The action taken by the central bank initially triggered a sharp rally in UK assets, which rippled into other global markets. The 30-year gilt yield posted its steepest daily drop on record, as the price of the debt instrument surged. Earlier in the session, the yield had touched a 20-year high of more than 5 per cent as concerns intensified about the new UK government’s proposed tax cuts and borrowing plan.
That steep rise in bond prices partially unwound on Thursday, with the 10-year gilt yield rising 0.16 percentage points to 4.17 per cent and the 30-year yield rising 0.08 percentage points to 4.01 per cent as their prices fell.
Similarly, the yield on the 10-year US Treasury note — seen as a benchmark for borrowing costs around the world — rose 0.14 percentage points to 3.84 per cent, after falling sharply on Wednesday on a broad wave of positive investor sentiment.
In currencies, the pound lost 0.7 per cent against the dollar to trade just below $1.08 on Thursday, after gaining in the wake of the BoE’s intervention. An index measuring the dollar against six peers rose 0.4 per cent.
The dollar has hit a series of fresh 20-year highs in recent months, buoyed by the relative weakness of other currencies, aggressive monetary policy tightening by the US Federal Reserve and the greenback’s traditional status as a haven in times of economic and market stress.

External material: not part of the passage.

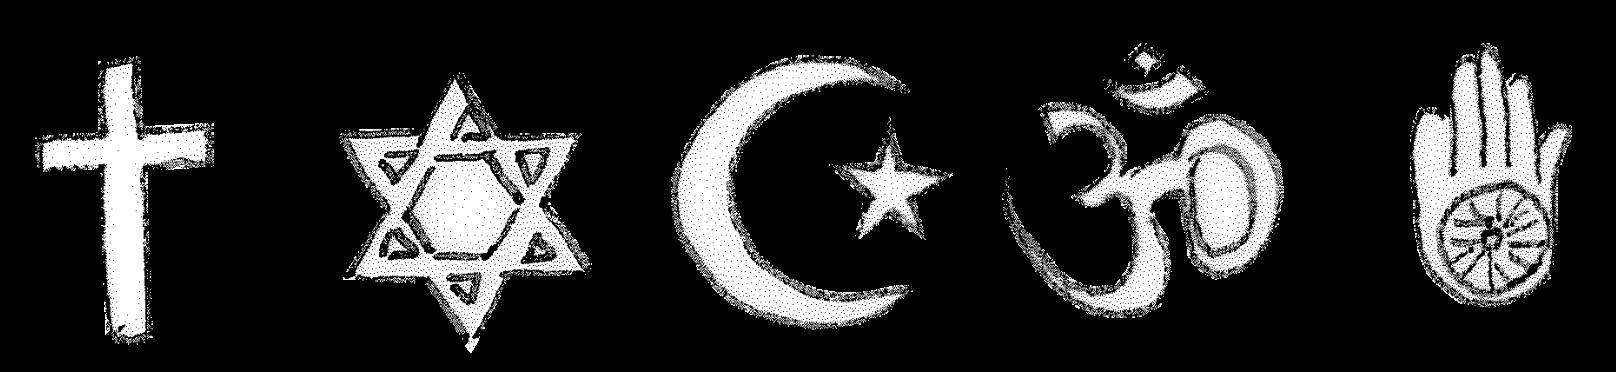 some world religious symbols

“Yesterday . . . saw the Bank of England’s Financial Policy Committee take the decision to break the ‘doom loop’ at the long end of the UK gilt market as margin calls on pension funds and the need to raise cash risked a downward spiral for long-dated gilts,” said analysts at ING. “In effect, this is the first big intervention from a G10 central bank in this cycle to avert a financial crisis. It may not be the last.”
“It serves as a reminder to policymakers around the world that any perceptions by the market of a policy mis-step will be heavily punished,” they added, “and with the Fed to keep hiking into a slowdown . . . these conditions may well be with us for the next six to nine months.”
The strong gains on Wall Street on Wednesday helped some Asian stock markets to push higher on Thursday with Japan’s Topix rising 0.7 per cent. Hong Kong’s Hang Seng surrendered early gains to move 0.5 per cent lower, while China’s CSI 300 was broadly flat.